Na gras is snijmaïs het belangrijkste gewas voor de melkveehouderij. Mais in het rantsoen beperkt de emissies aan ammoniak en methaan in de veehouderij, maar de huidige maisteelt kent ook enkele duurzaamheidsproblemen. Onderzoekers zijn daarom gestart met onderzoek naar meer duurzame teeltsystemen voor snijmais.
Mais
Mais is energierijk voer met relatief veel zetmeel, waardoor het op veel bedrijven de stikstofbenutting verbetert, wat gunstig is voor de ammoniakemissie. Mais in het rantsoen heeft ook een positief effect op de methaanemissie. Verder is de opbrengst per ha hoog en gaat mais efficiënter met water om dan gras.
Duurzaamheid
De huidige maïsteelt wordt echter ook met verschillende duurzaamheidsproblemen geassocieerd, zoals uit- en afspoeling van nutriënten, een slechte bodemstructuur, lager wordende gehaltes aan organische stof, achteruitgaande bodembiodiversiteit.

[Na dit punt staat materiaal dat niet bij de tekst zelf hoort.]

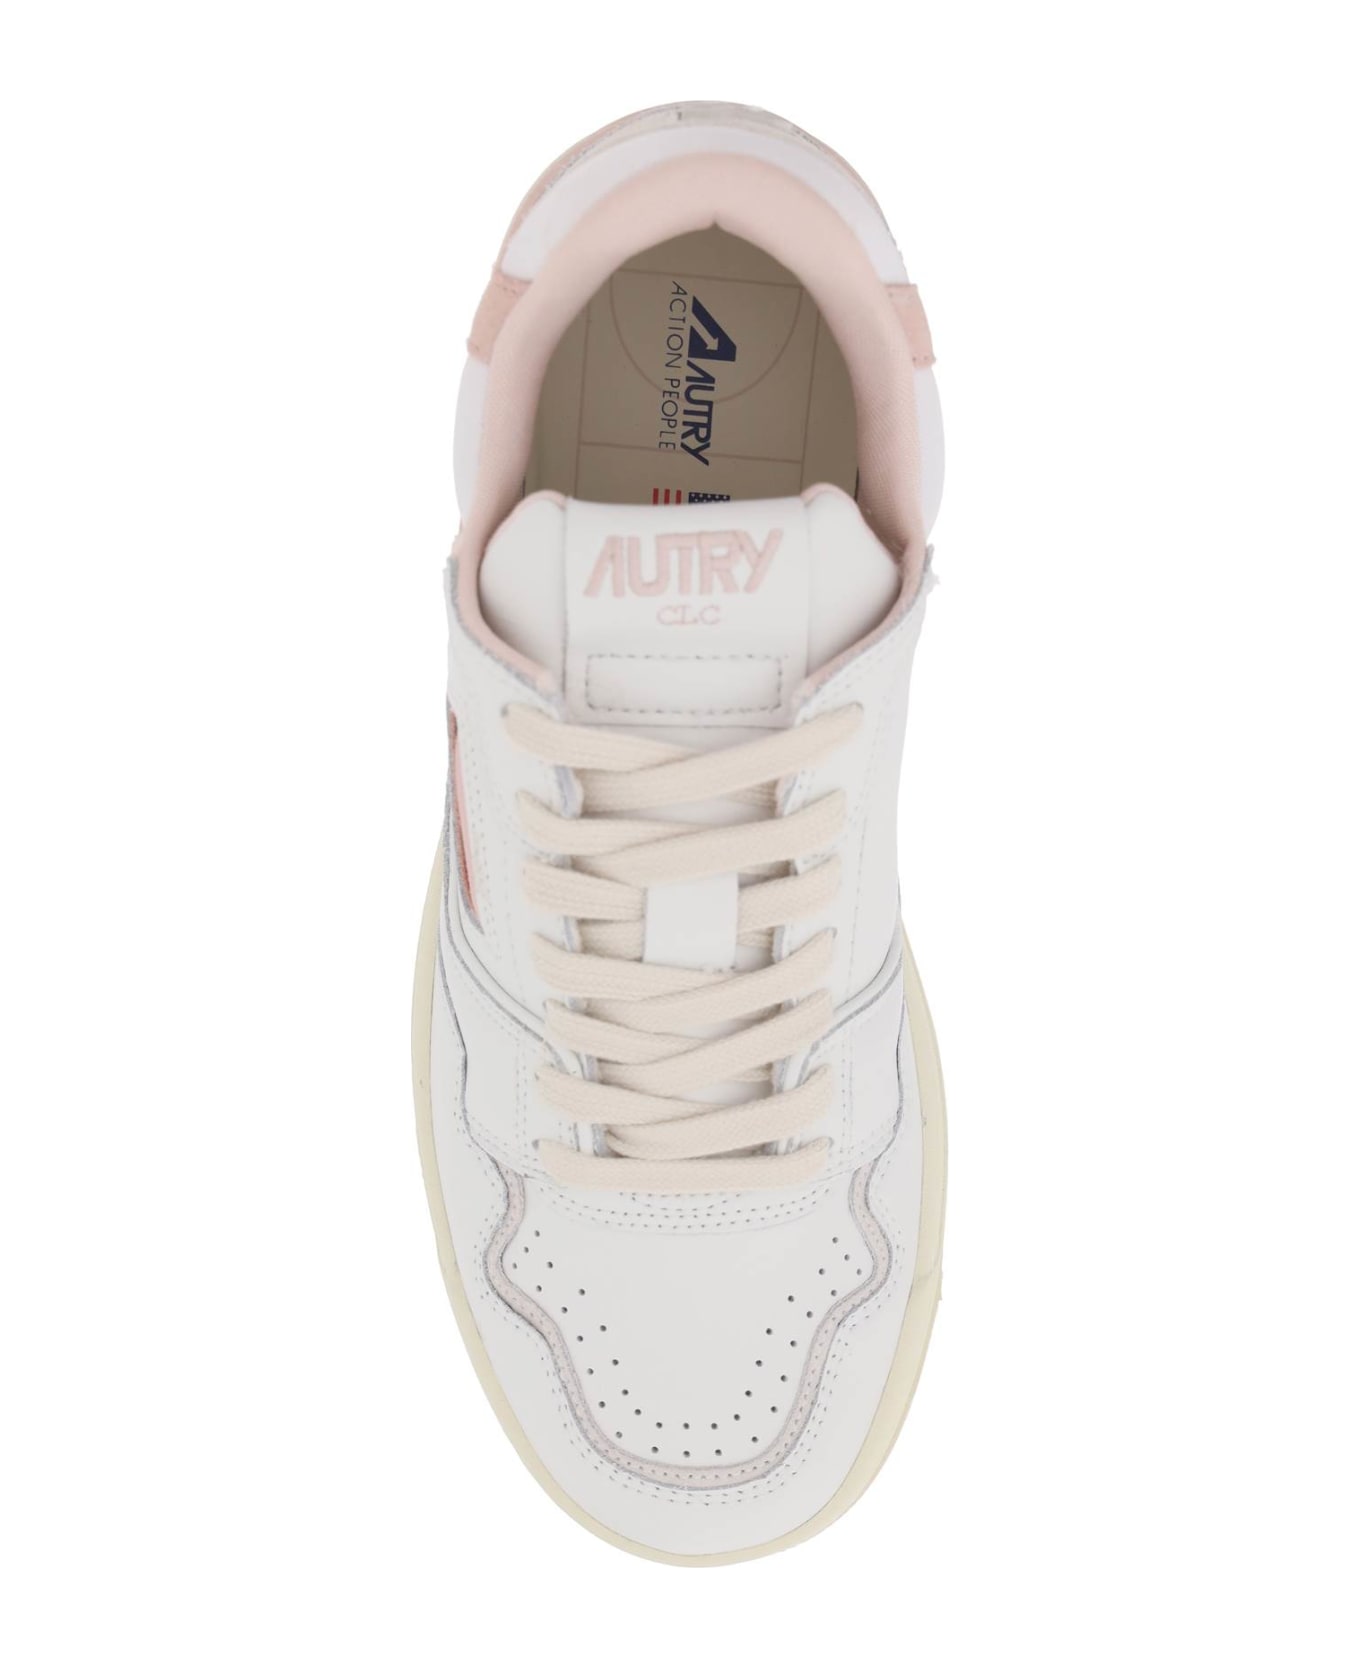 Autry Clc Sneakers In White And Pink Leather - White

Om deze problemen de baas te worden, is een stap nodig naar andere, innovatieve teeltsystemen die in veel minder mate de genoemde problemen geven en waardoor de maïssector een substantiële stap op weg naar meer duurzaamheid kan zetten. Door het combineren van verschillende teeltmaatregelen op gebied van bemestingsstrategieën, grondbewerkingsmethoden, gebruik van ondergewassen en onkruidbestrijdingsmethoden, kunnen verschillende meer duurzame teeltsystemen wordt ontwikkeld.
Veldexperiment
In de PPS ‘Ruwvoer en Bodem deel 1’ en het project ‘Grondig boeren met mais’ zijn onder andere kennis en ervaringen opgedaan met verschillende grondbewerkingsmethoden en strategieën met vanggewassen. Onverminderde aandacht voor het op een duurzame wijze telen van mais blijft echter nodig. In dit onderdeel van de PPS zetten onderzoekers een volgende stap in de ontwikkeling van duurzame teeltsystemen met een meerjarig veldexperiment. Hierbij worden kennis en ervaringen uit de hiervoor genoemde projecten benut en eventuele kennisleemtes onderzocht.
Mais veldproef
Dit voorjaar (2020) is er op proefbedrijf Vredepeel een meerjarig veldexperiment op zandgrond gestart, waarin zeven teeltsystemen worden vergeleken. De systemen zijn thematisch ingestoken en gericht op continuteelt. Binnen een ander werkpakket van de PPS wordt onder andere mais-gras vruchtwisseling onderzocht. In deze veldproef wordt sorghum meegenomen als mogelijk alternatief voor snijmais.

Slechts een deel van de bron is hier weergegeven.